Though at first Hamas and Hezbollah went underground to hide and protect their arsenals, they now also pursue offensive objectives, including penetrating borders and barriers to attack stealthily and unexpectedly. This makes tunnels a “spherical” threat, one that denies the existence of a front line and erases the distinctions between combat and supporting forces, and between combatants and civilians. Tunnels allow terrorists to project their power 360 degrees, including underground and above. As seen in the 2014 Gaza conflict, this is a threat with a deep mental and psychological impact that goes beyond the military.
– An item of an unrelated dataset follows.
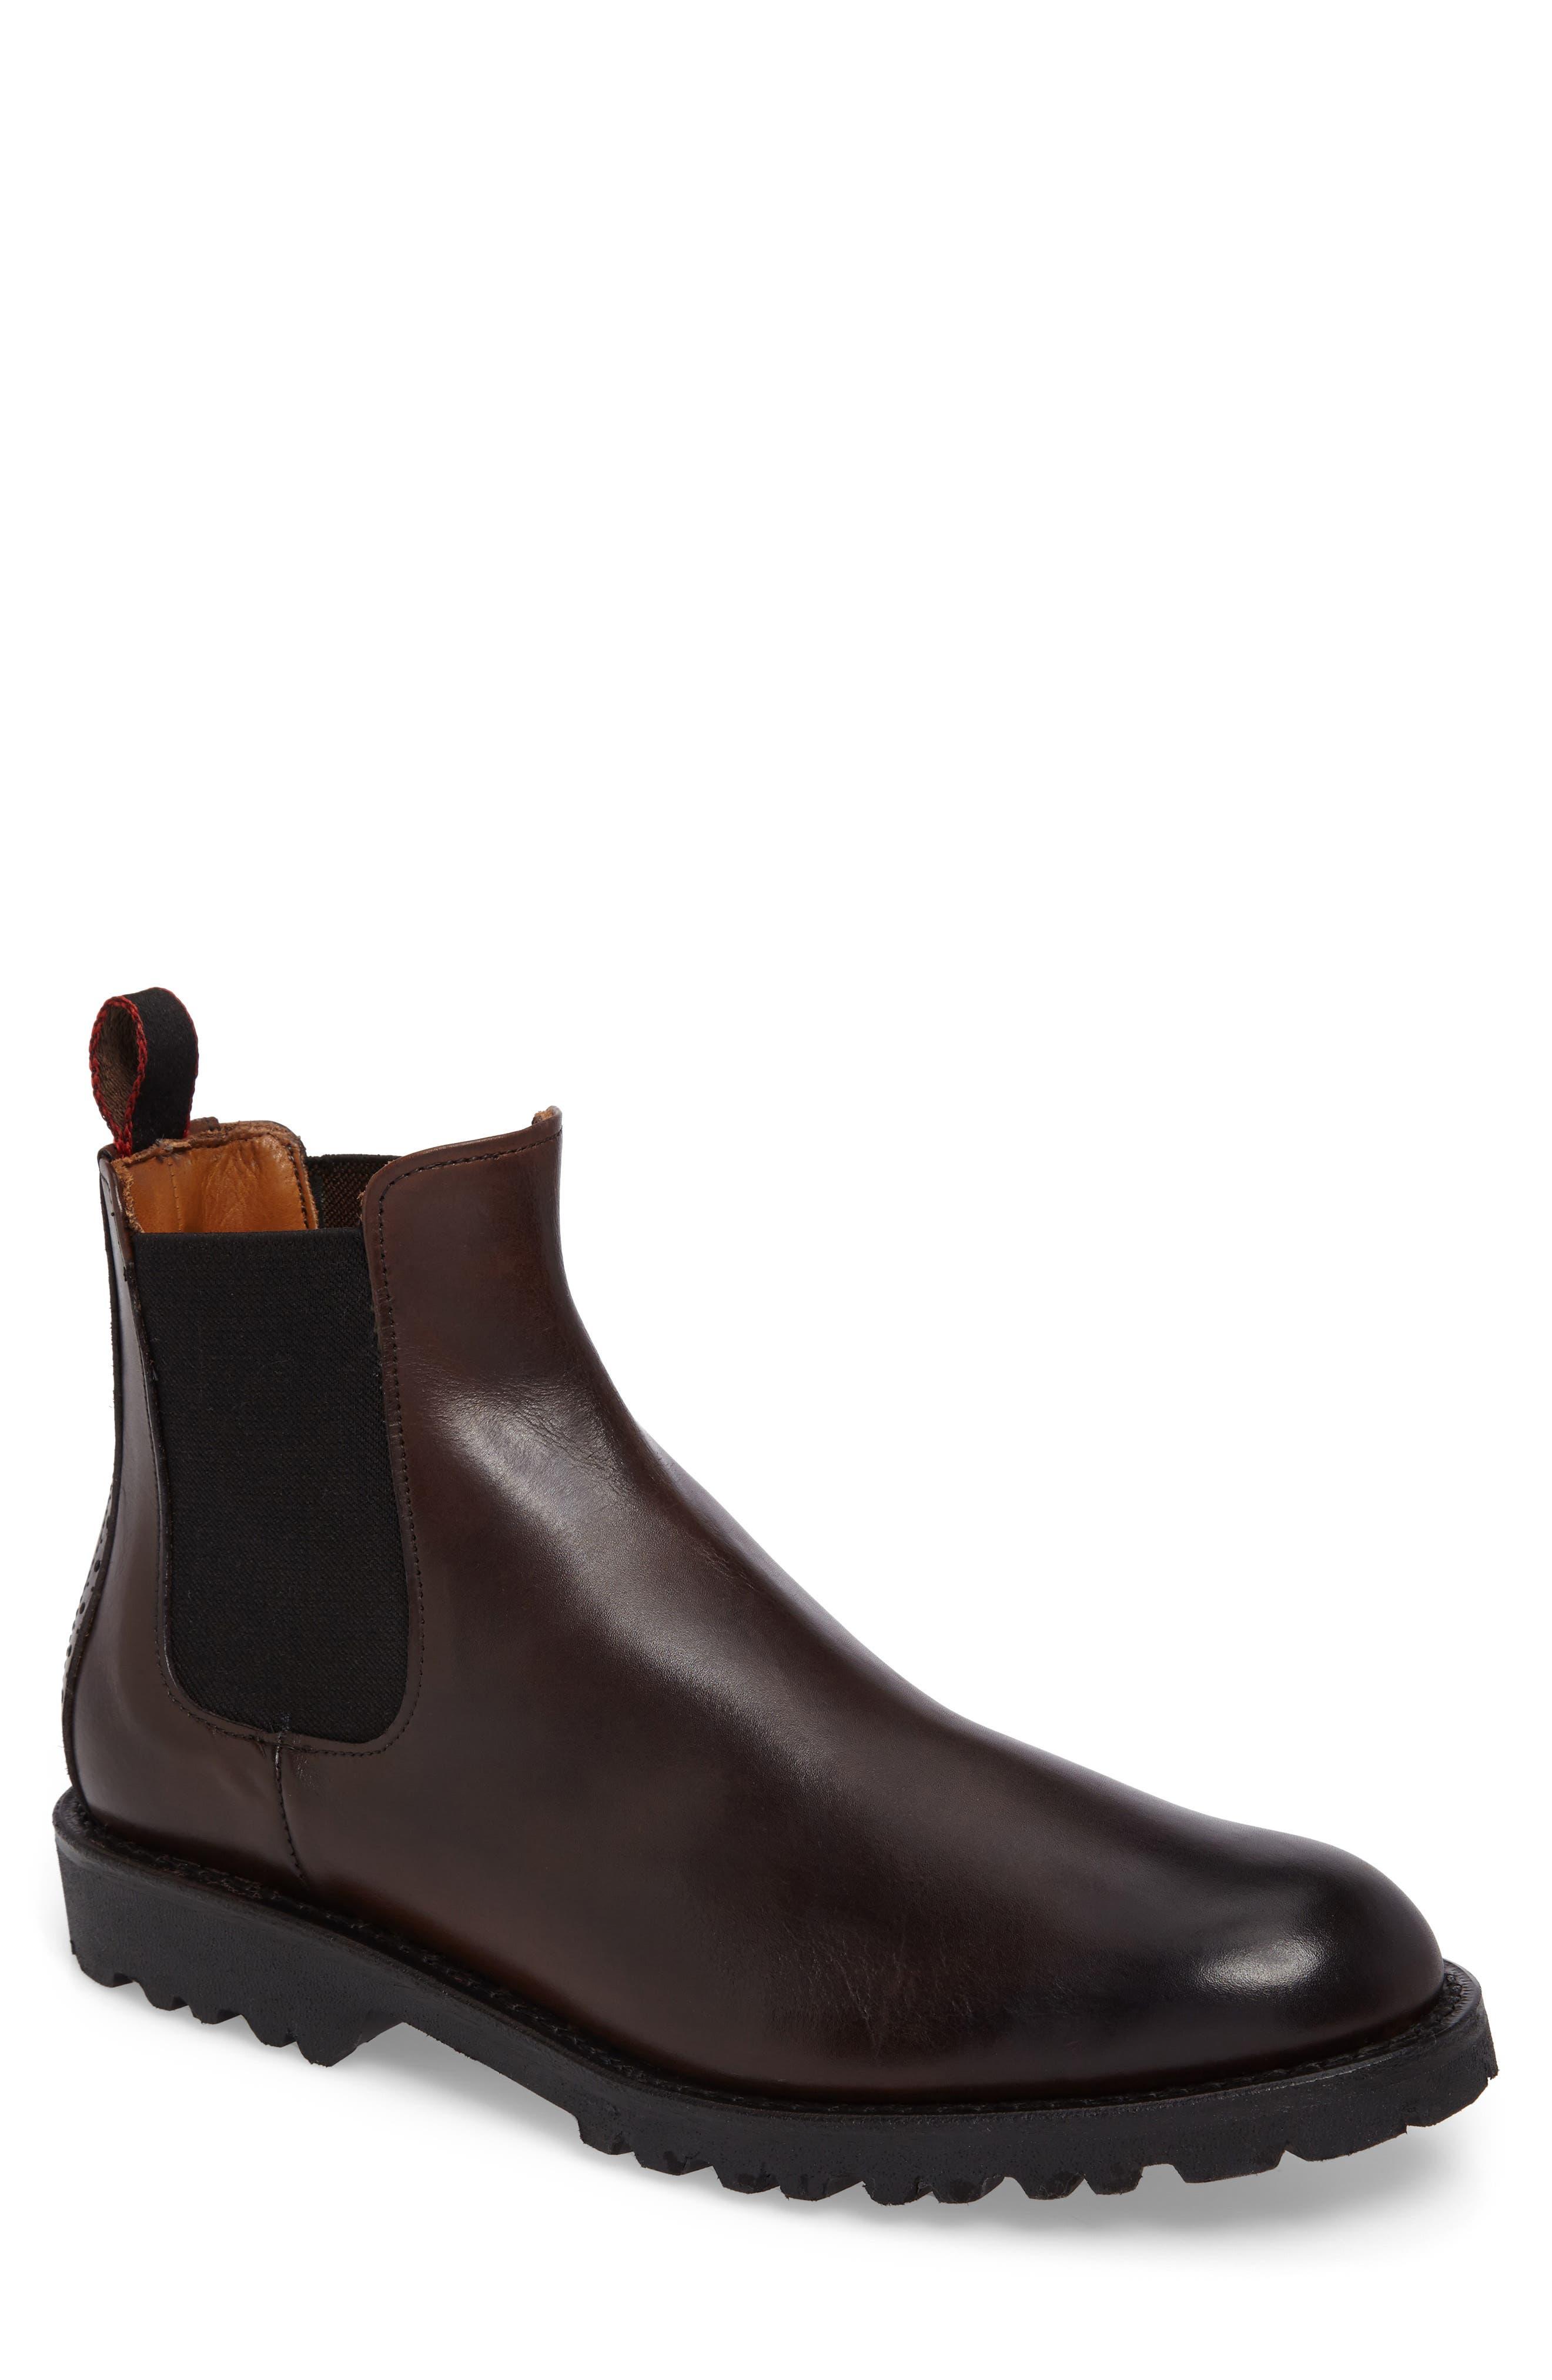 Mens Boots   Nordstrom

Hezbollah’s plan for invading the Galilee through extensive and massive penetration, including tunnels, is even reminiscent of tactics that could be employed by North Korea in a conflict with the south.

Accordingly, the development and use of tunnels should be understood as a new form of arms race – a learning response by adversaries seeking to negate and overcome the IDF’s technological advantages. The more the IDF improved its intelligence and precision-strike capabilities, the more Hezbollah and Hamas pushed underground.

Hezbollah and Hamas seem to have decided that the value of subterranean capabilities remains high enough to justify continued improvement and expansion. The first terror tunnels, in the Gaza Strip, were dug manually. Today, Hezbollah and Hamas have the technology to make tunneling easier, faster, and quieter. It is even possible for them to control the acoustic signature of digging operations and hide working entrances and construction material from overhead surveillance. The discovery during Operation Northern Shield of a tunnel at an unprecedented depth of 55 meters (180 feet) attests not only to Hezbollah’s advances in underground construction, but also its incentive to tunnel ever deeper.

In short, despite the success of Operation Northern Shield, the threat from subterranean networks is likely to continue in the foreseeable future. The continued use, evolution and proliferation of subterranean networks requires concerted investment in the most effective methods to counter and stay ahead of these threats. For armed forces likely to confront hybrid adversaries, adapting to underground combat should be seen as a strategic and operational imperative on par with with developing suitable weapons for warfare in other domains such as land, air, sea and cyber.

As it has in these other domains, Israel's knowledge and experience in this field should serve as a font of cooperation with its allies to offset the underground capabilities of terrorist organizations, both in wartime and in between the wars. 

 IDF MG (ret.) Yaacov Ayish is former Israeli Defense and Armed Forces Attaché to the United States. He is also Senior Director of Israeli Affairs in Israel at the Jewish Institute for National Security of America (JINSA) and a Distinguished Fellow with JINSA’s Gemunder Center for Defense and Strategy. The view expressed are the author's own.